ALBERT CAMUS

 

Unlike Malraux, Albert Camus had been active in the French Resistance as an ardent communist and editor of the clandestine periodical Combat.  When the enemy is superidealist, or fascist, then the most credible opposition must come from submaterialism, or communism.  Submen against supermen, with the humanistic middle-ground either helplessly looking on or, as in Malraux's case, fighting in a more official capacity as part of the French army of liberation.

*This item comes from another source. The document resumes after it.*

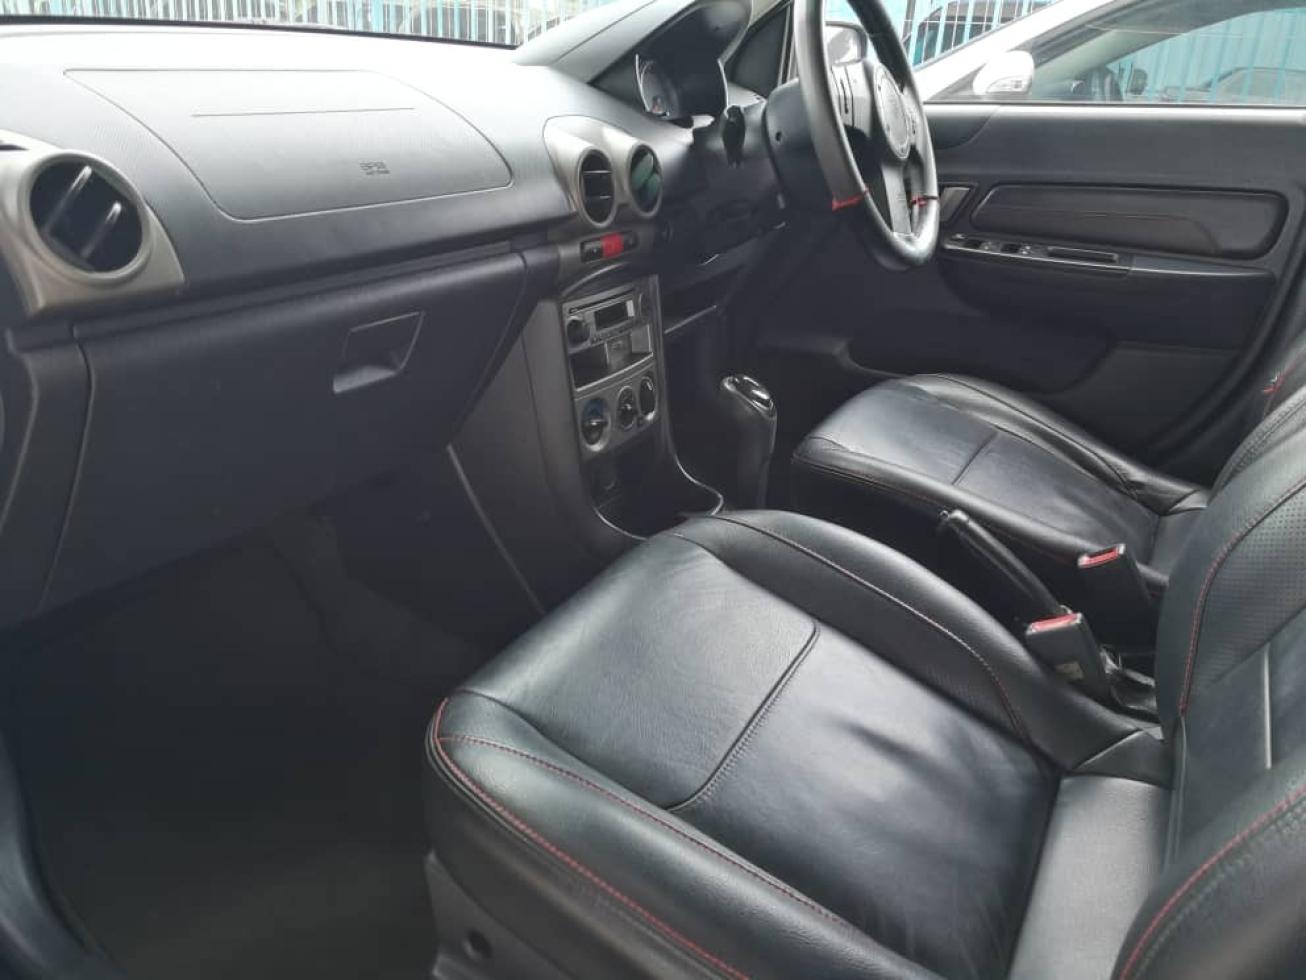 2015 Proton SAGA 1.3 FLX (A)SE leather seat

     Later, when France was victorious or, at any rate, liberated, these two approaches and identities were bound to clash, and clash they did, with, inevitably, unfortunate consequences for the Communists, who were to be denied power by de Gaulle, even though he was shortly obliged to resign the Provisional Presidency on constitutional grounds.  With little prospect of a post-war communist France, many former Resistance fighters, both physical and intellectual, grew disillusioned with communism, and Camus was among them, his disillusionment sharpened by Soviet Russia's attitude towards and actions against its satellites.

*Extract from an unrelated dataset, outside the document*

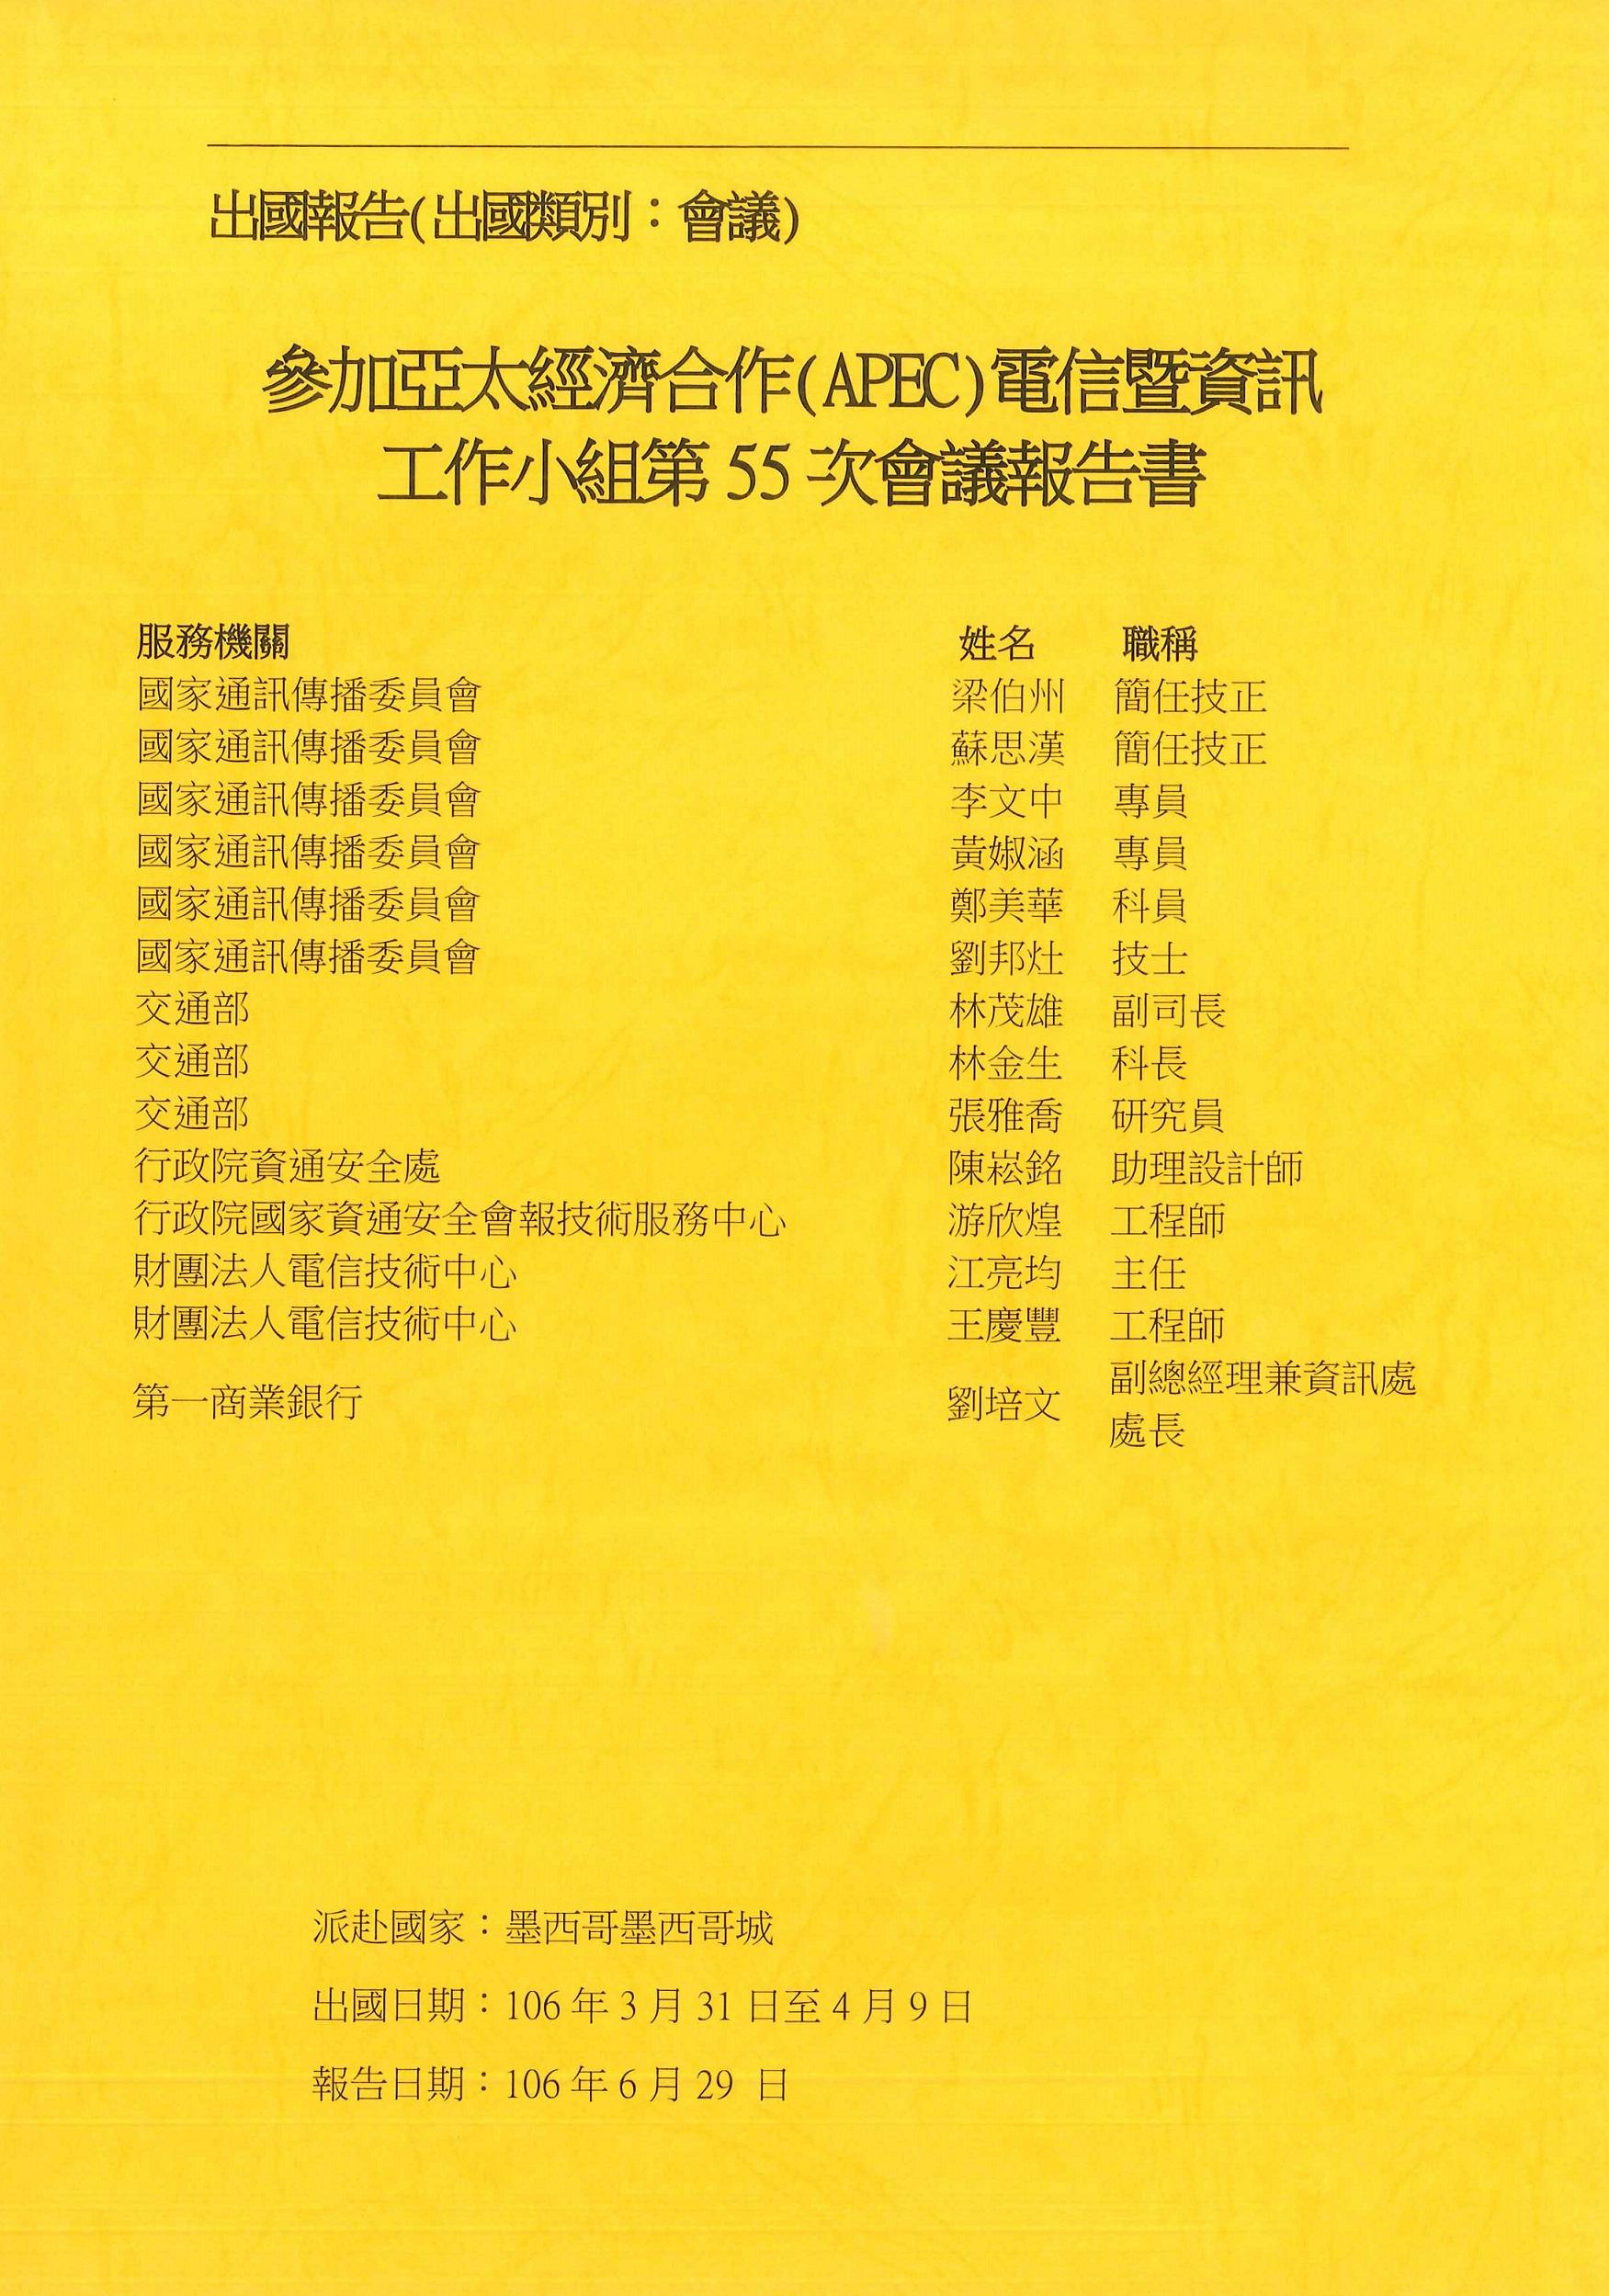 參加亞太經濟合作(APEC)電信暨資訊工作小組第55次會議報告書

     No less surely than Malraux abandoned communism, so did Camus, who perhaps was too religious and moral, deep down, to be able to take communist nihilism and amoral opportunism for granted - apparently unlike his one-time friend and 'fellow traveller' Jean-Paul Sartre, who sought to harmonize Existentialism with Marxism in an attempt to justify and exculpate communist and, in particular, Soviet amoral behaviour (man never so free as when he acts ... no matter how or against whom).

     By contrast, Camus seems to have taken a moral stance, supporting the liberty within an ethical context of individual conscience against the tyranny, as he saw it, of collective expedience, as though to say, à la Burke, no revolutionary change is worth the pain and blood-sacrifice it entails.  Needless to say, he was severely castigated for bourgeois revisionism and reactionary humanism by the Communists, not to mention Jean-Paul Sartre, who attacked The Rebel, Camus' long indictment of ideological tyranny, on these and similar grounds.

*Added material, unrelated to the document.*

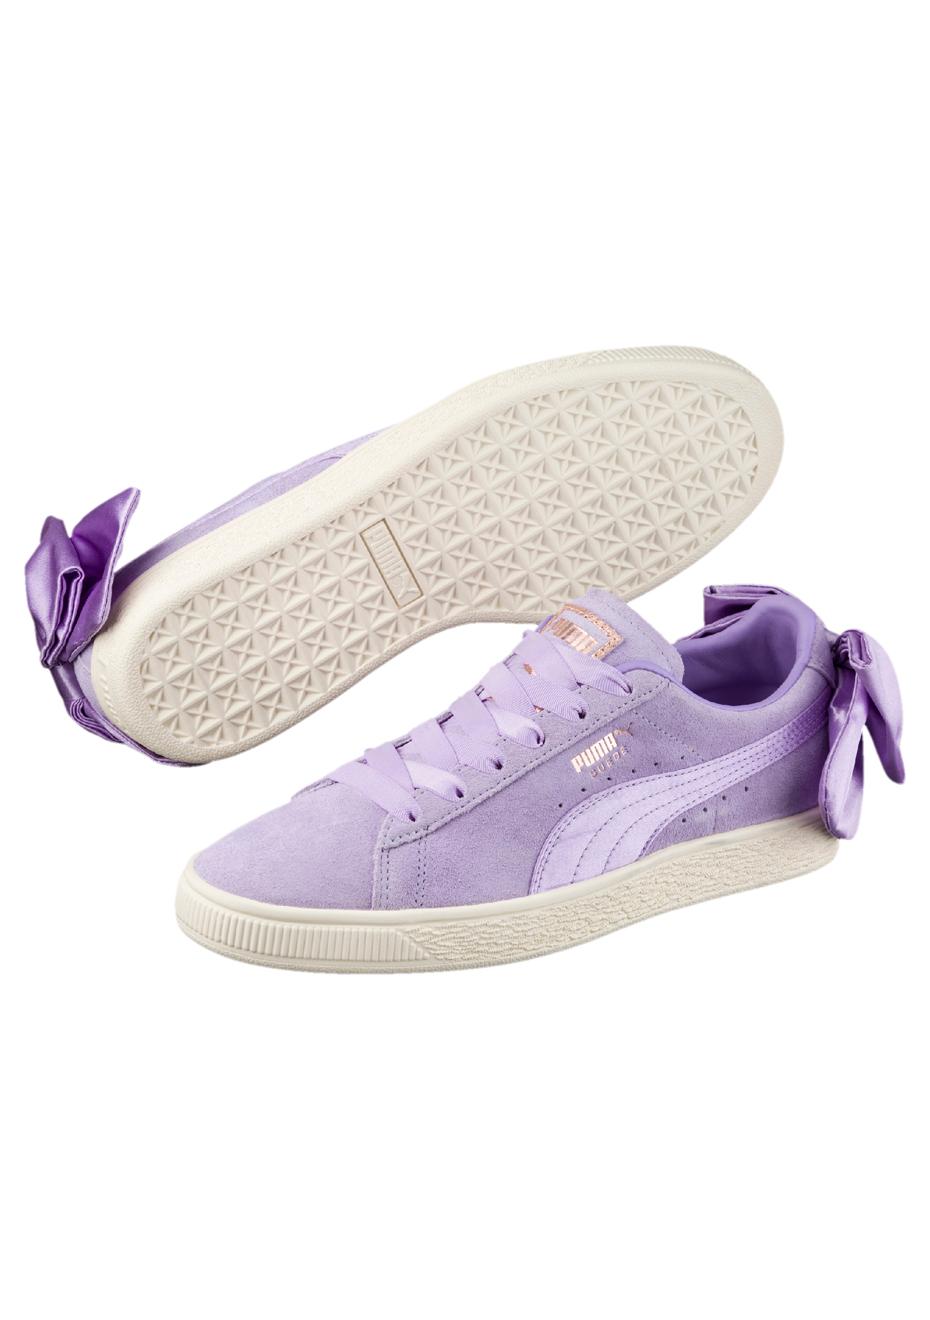 Puma Suede Bow W Schuhe Purple Rose: : Schuhe

     Undaunted, Camus continued to cling to a precarious liberal realism until his premature death, in a road accident, a few years later.  What is surprising is not that he abandoned communism but ... that he ever took up with it in the first place.  Youthful works like his brilliant essay Nietzsche and Schopenhauer suggest an innate predilection towards idealism.  But he was, after all, an Algerian of mixed French and Spanish extraction for whom the Ideal was more likely to be seen through the objective ambience of sun, sea, and sand than through any subjective criterion.  At least, this was the case for the early Camus, who gave the world a contentment with ‘the Given’ in the guise of Patrice Mersault, the protagonist of both The Outsider and A Happy Death, two of his most memorable novels.

     Yet Albert Camus was essentially an evolutionary type in his work as in his life, and if he abandoned hedonistic idealism in Algeria, he later came closer to embracing a Christian idealism in metropolitan France, communism being for him, as for Koestler, a 'God that failed'.